| Exercise description |
Take the lines from the one with "[Windows] 程式設計教學:在 Visual" through the last line of the material below and write them out exactly, without any pictures.

| Given material |
───

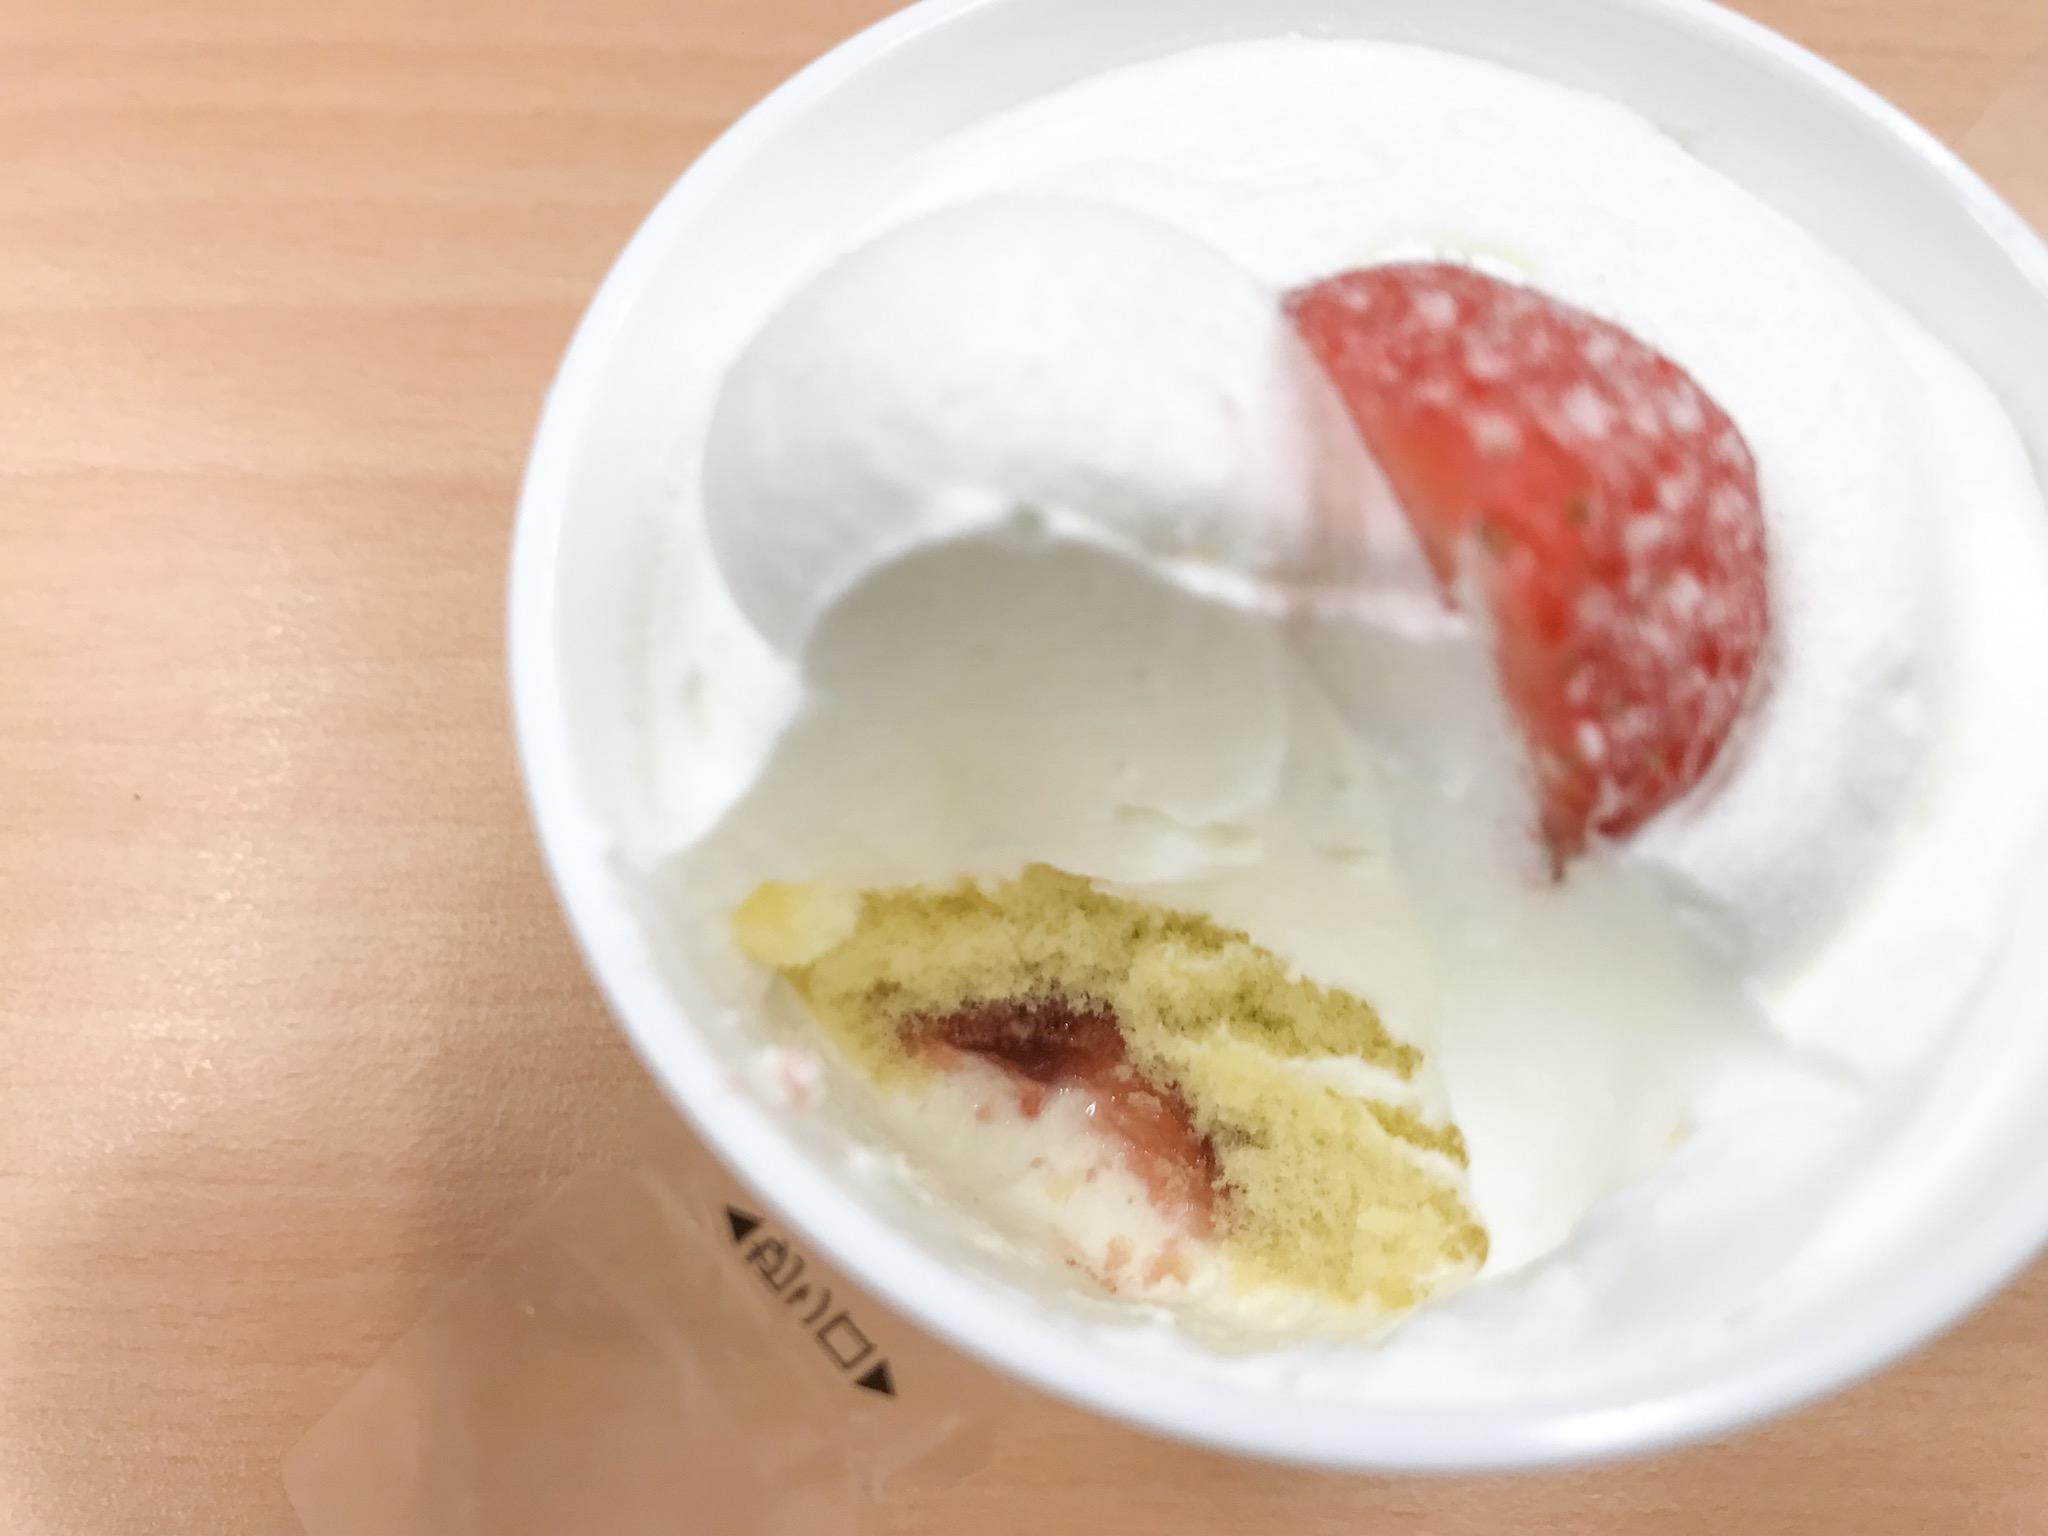 『ローソン』の新スイーツ「CUPKE」をいち早くチェック♡ ケーキを手軽にカップでぱくり!【コンビニスイーツ新作、食べてみた!】_4
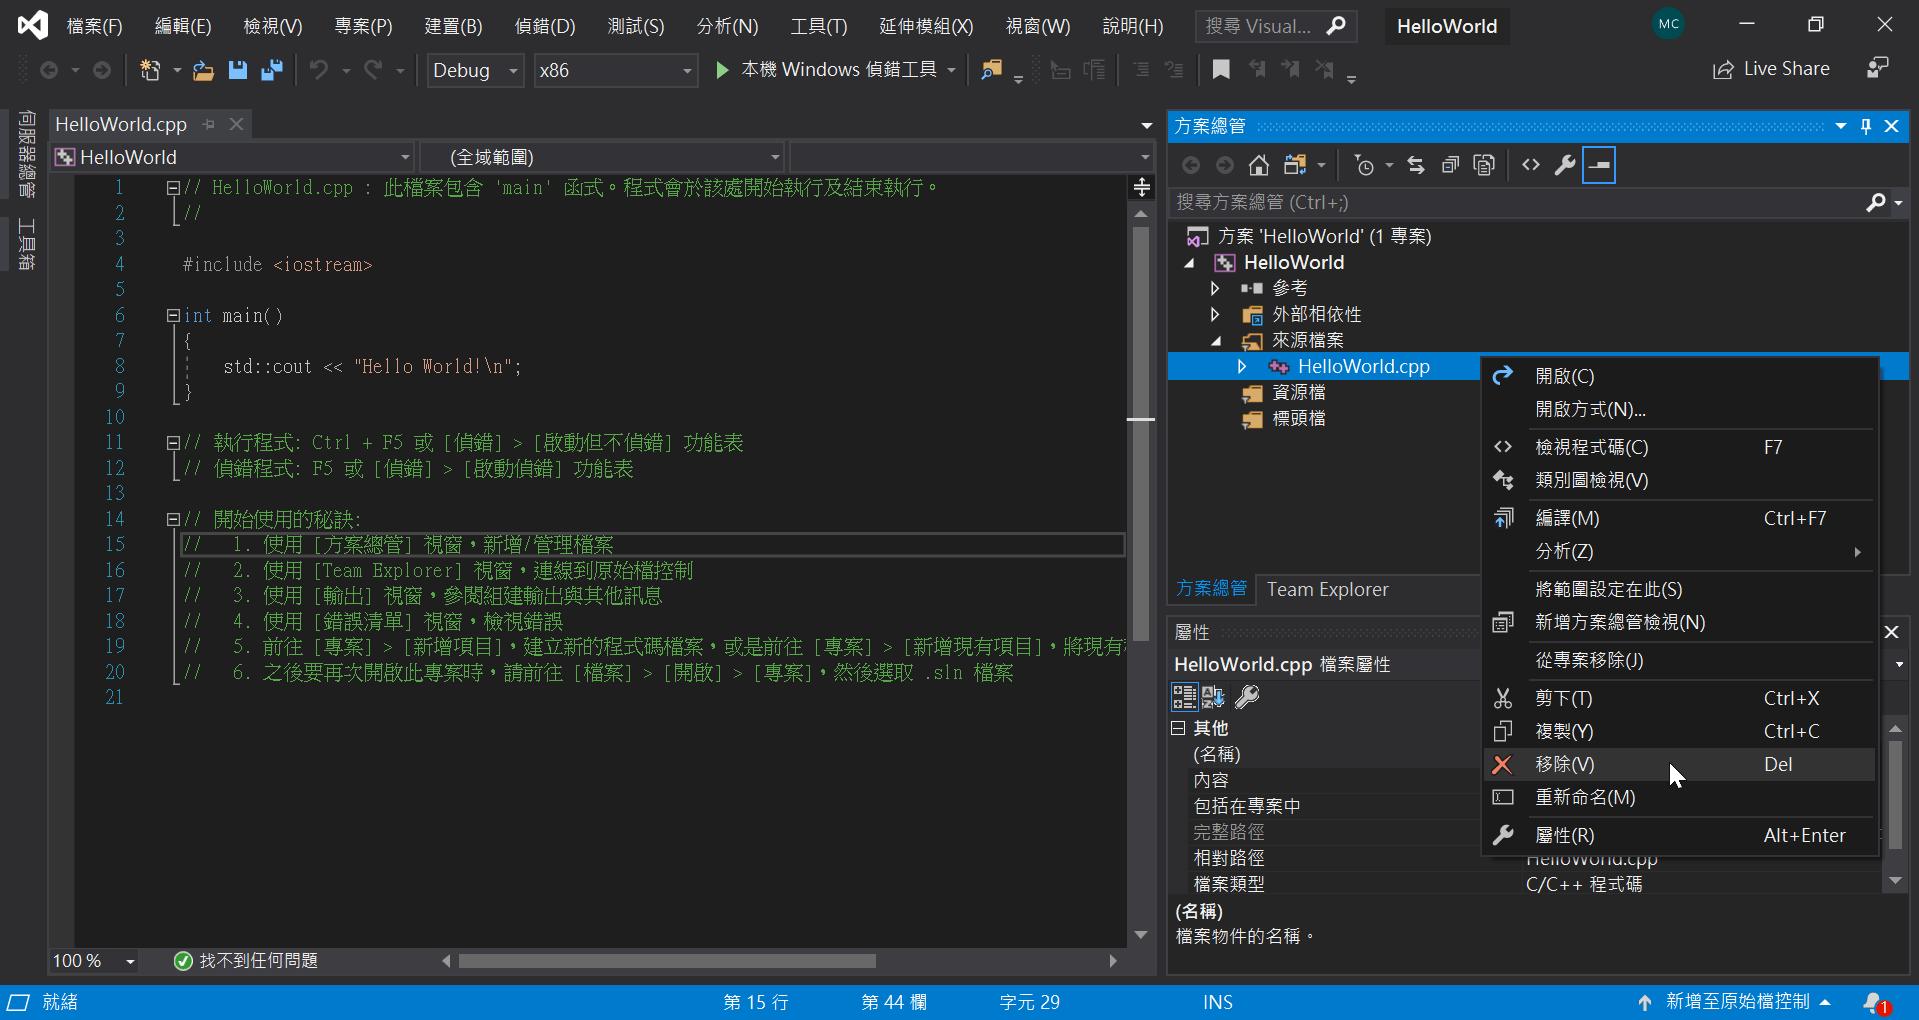 [Windows] 程式設計教學:在 Visual Studio 2019 中建立和執行 C 專案 | Michael Chen 的技術文件
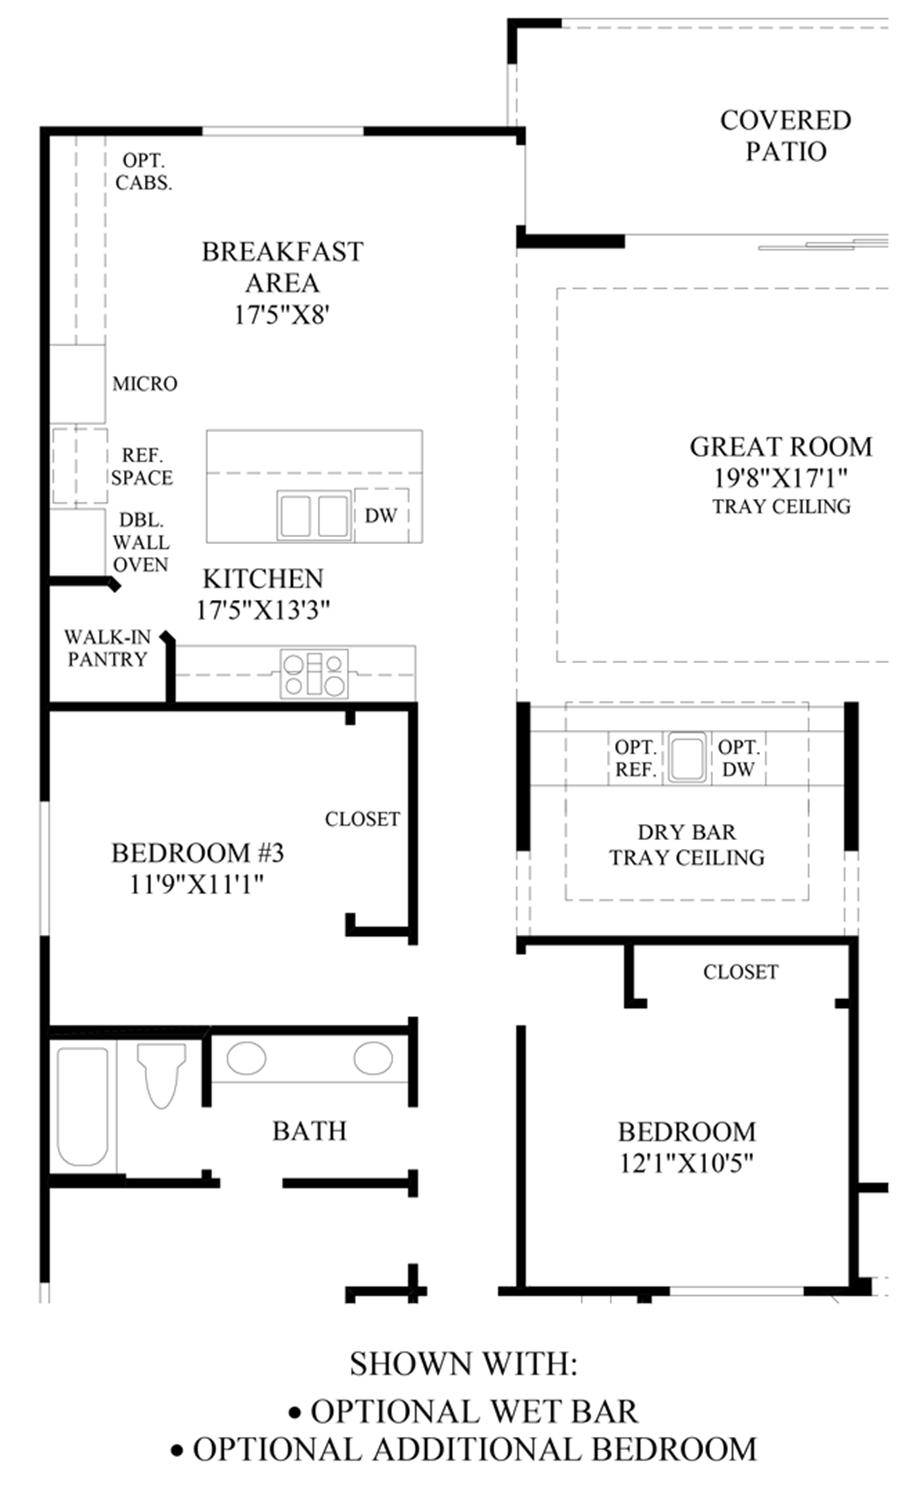 Optional Wet Bar & Additional Bedroom Floor Plan

───

| Answer |
 [Windows] 程式設計教學:在 Visual Studio 2019 中建立和執行 C 專案 | Michael Chen 的技術文件
 Optional Wet Bar & Additional Bedroom Floor Plan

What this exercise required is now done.